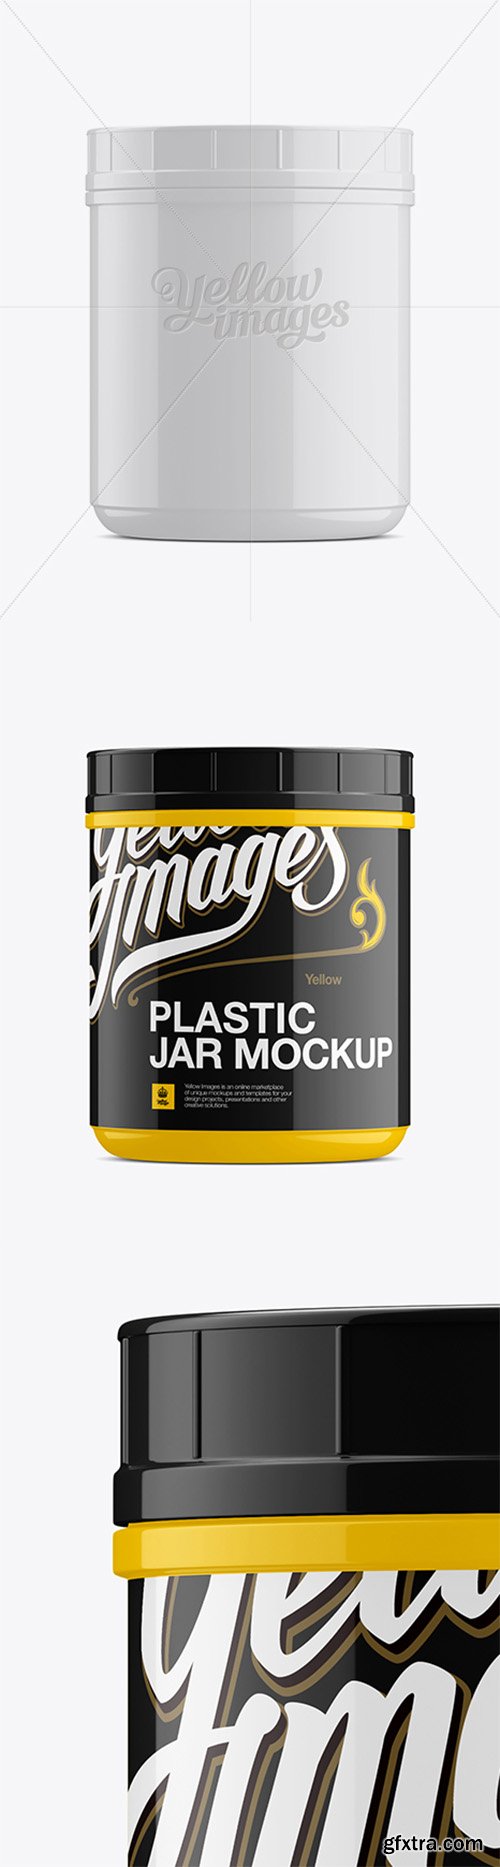 Glossy Plastic Jar Mockup - Front View 14146
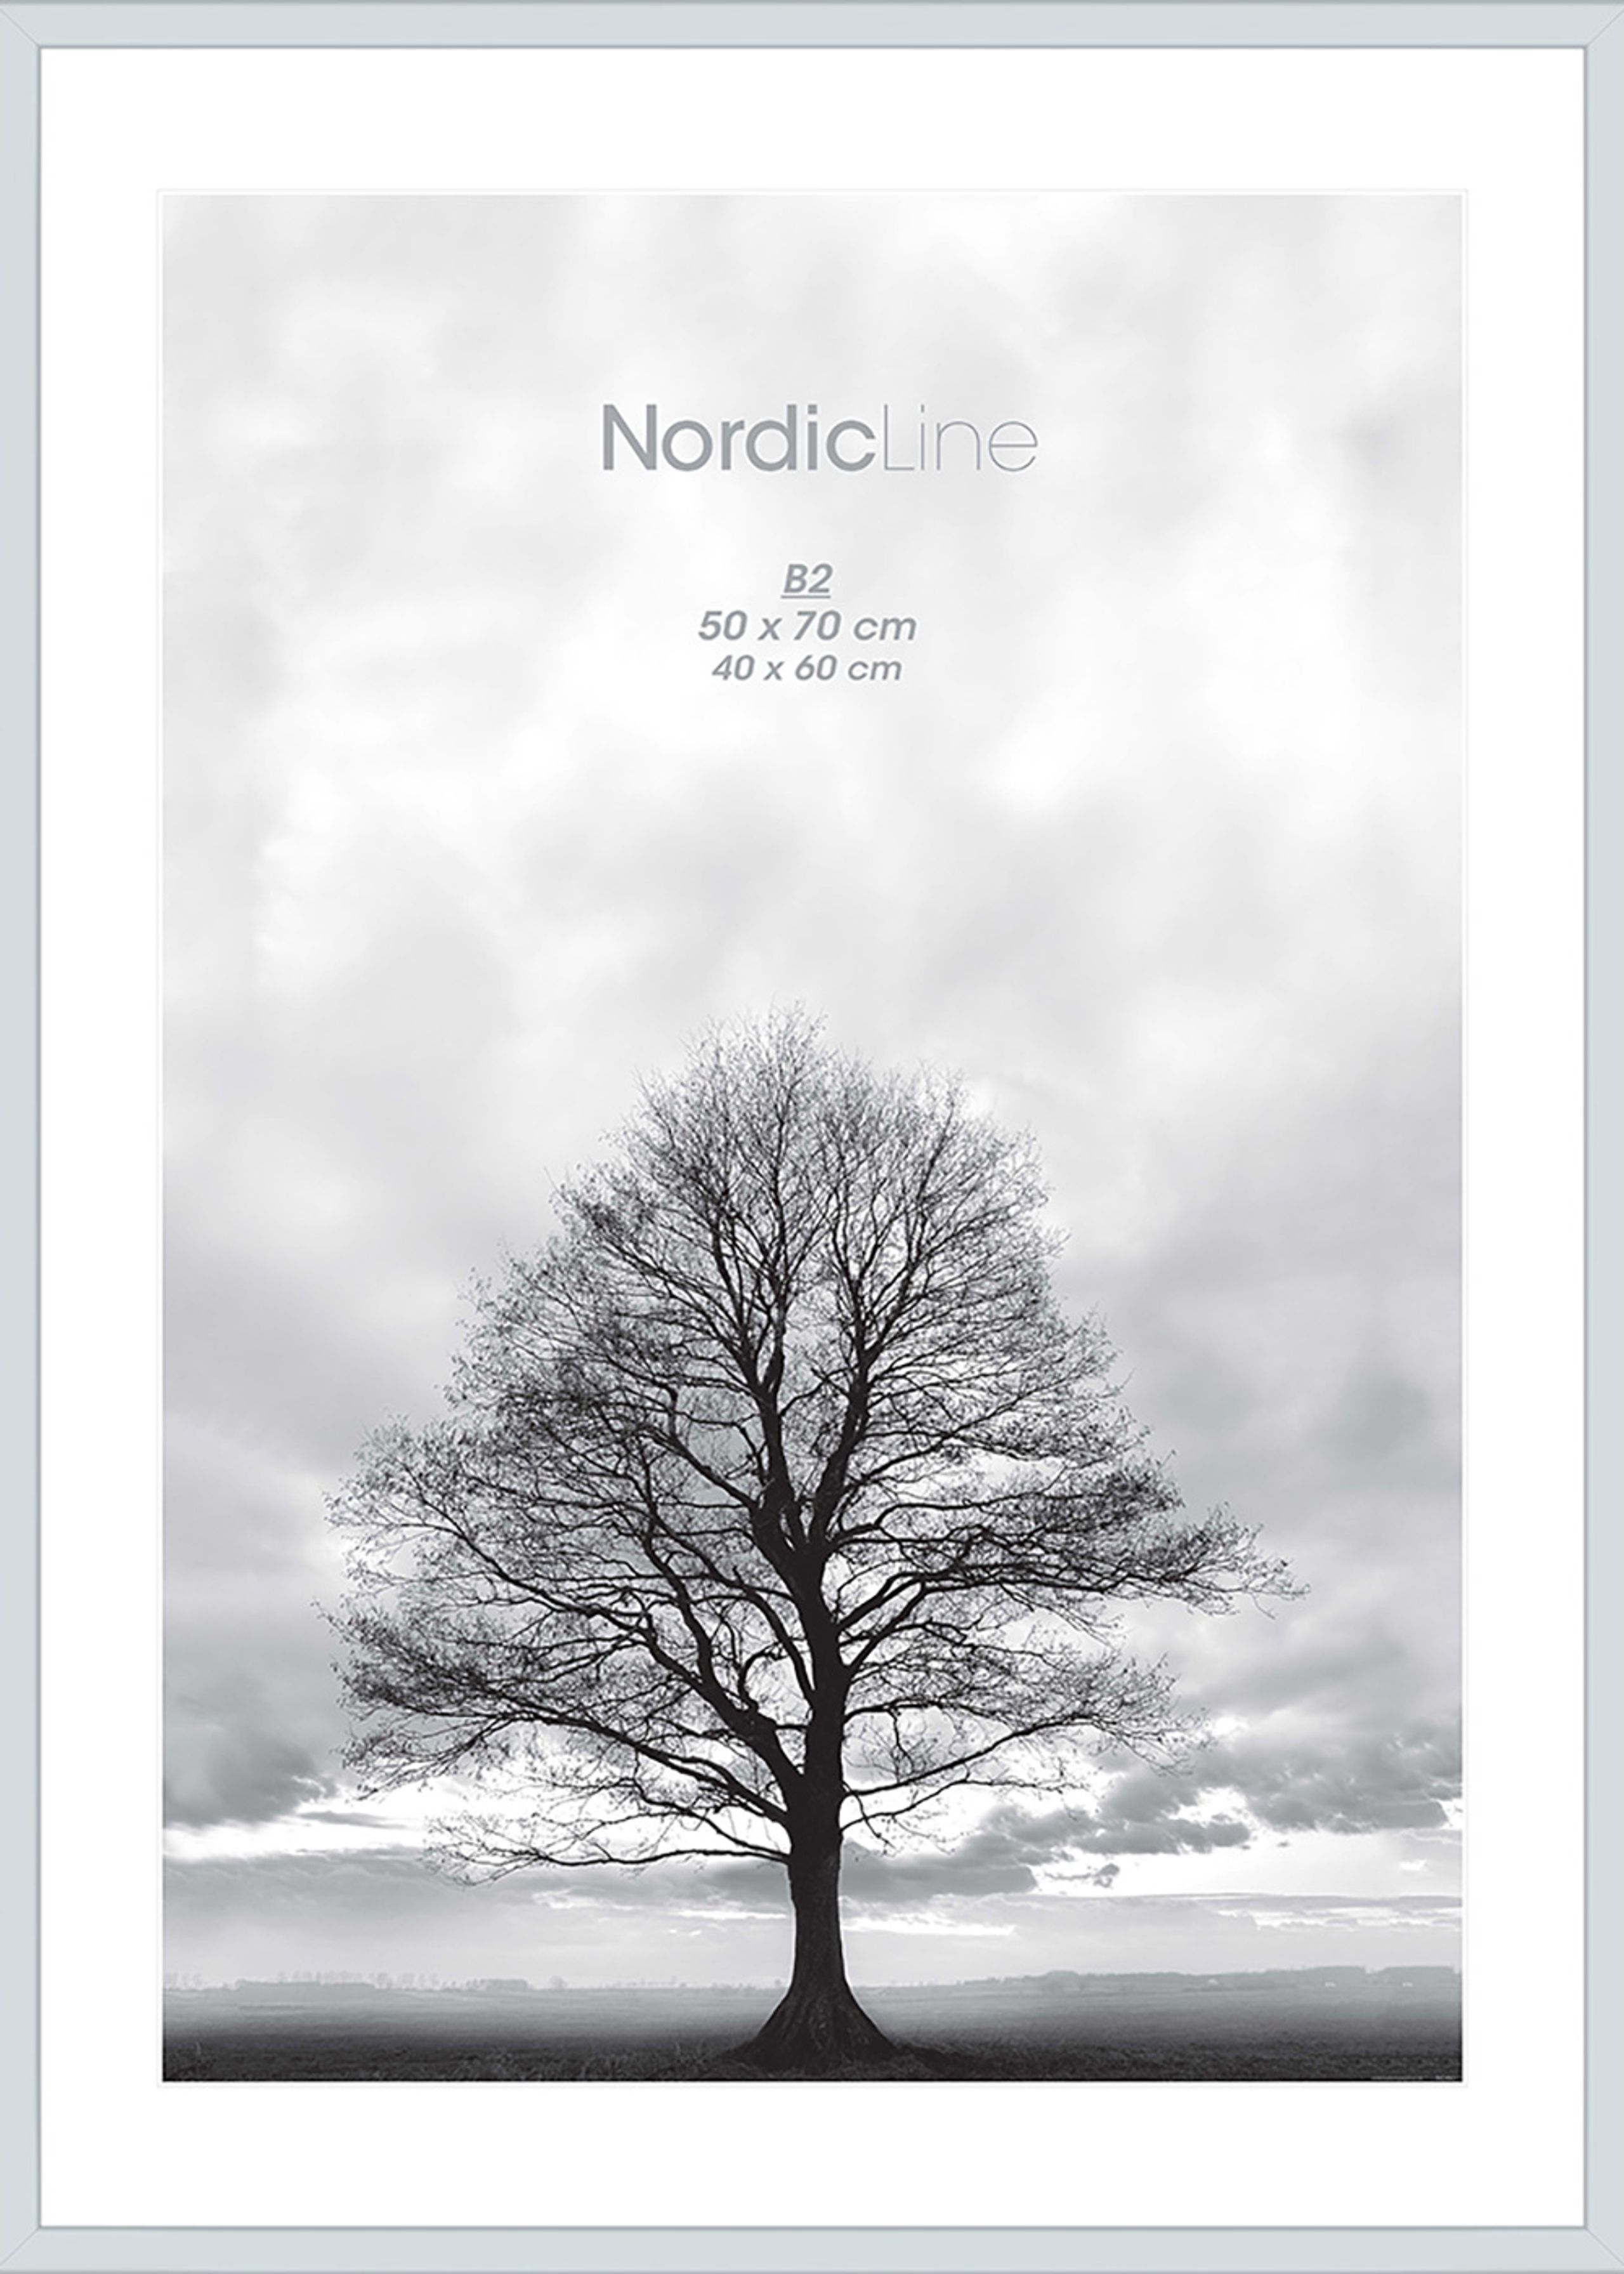 Nordic Line - Frames - Nordic Line frames - Atlantis - Atlantis
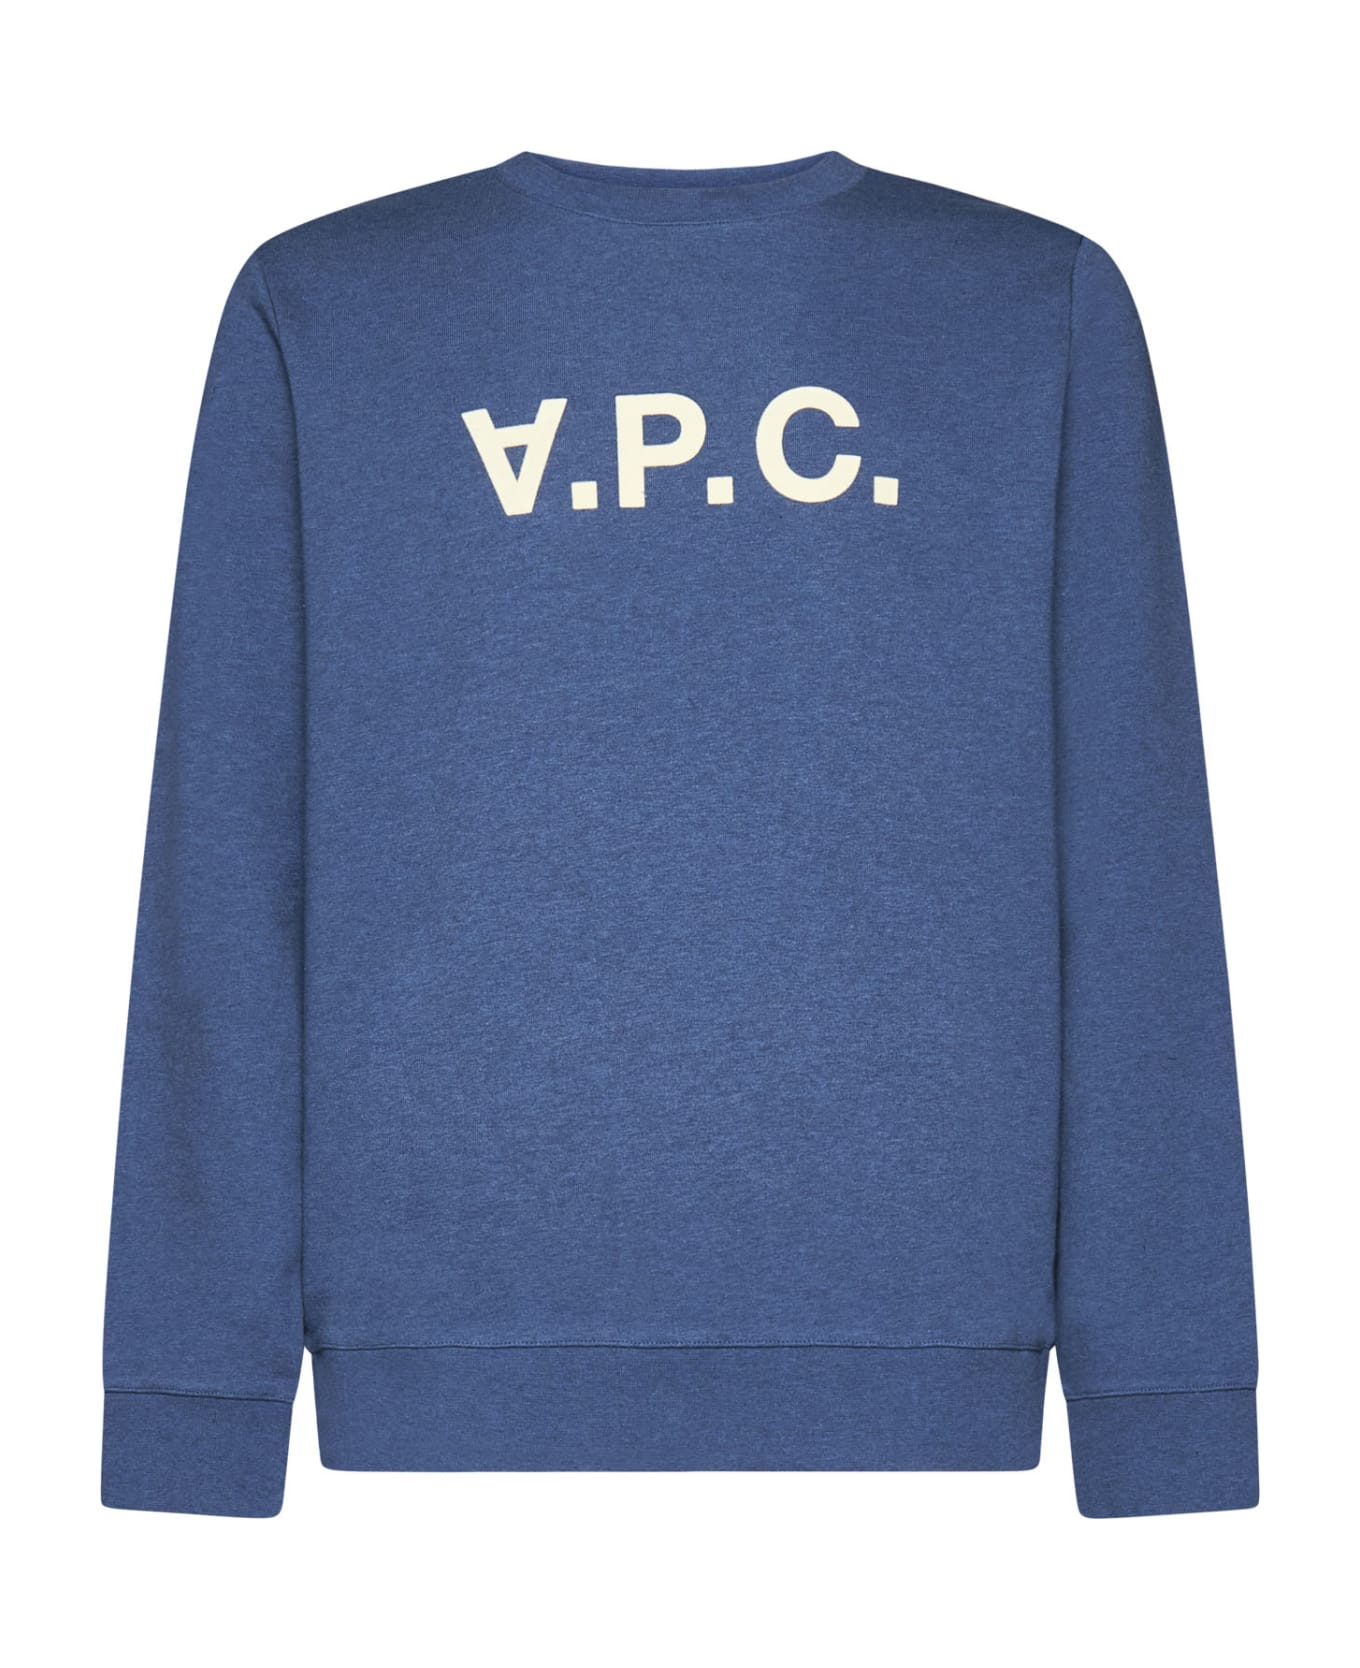 A.P.C. Apc Sweatshirt - Indigo

TASK REQUIREMENTS:
Please write out every line of the listing above exactly, and leave the images behind.

TASK RESPONSE:
 Glossy Plastic Jar Mockup - Front View 14146
 Nordic Line - Frames - Nordic Line frames - Atlantis - Atlantis
 A.P.C. Apc Sweatshirt - Indigo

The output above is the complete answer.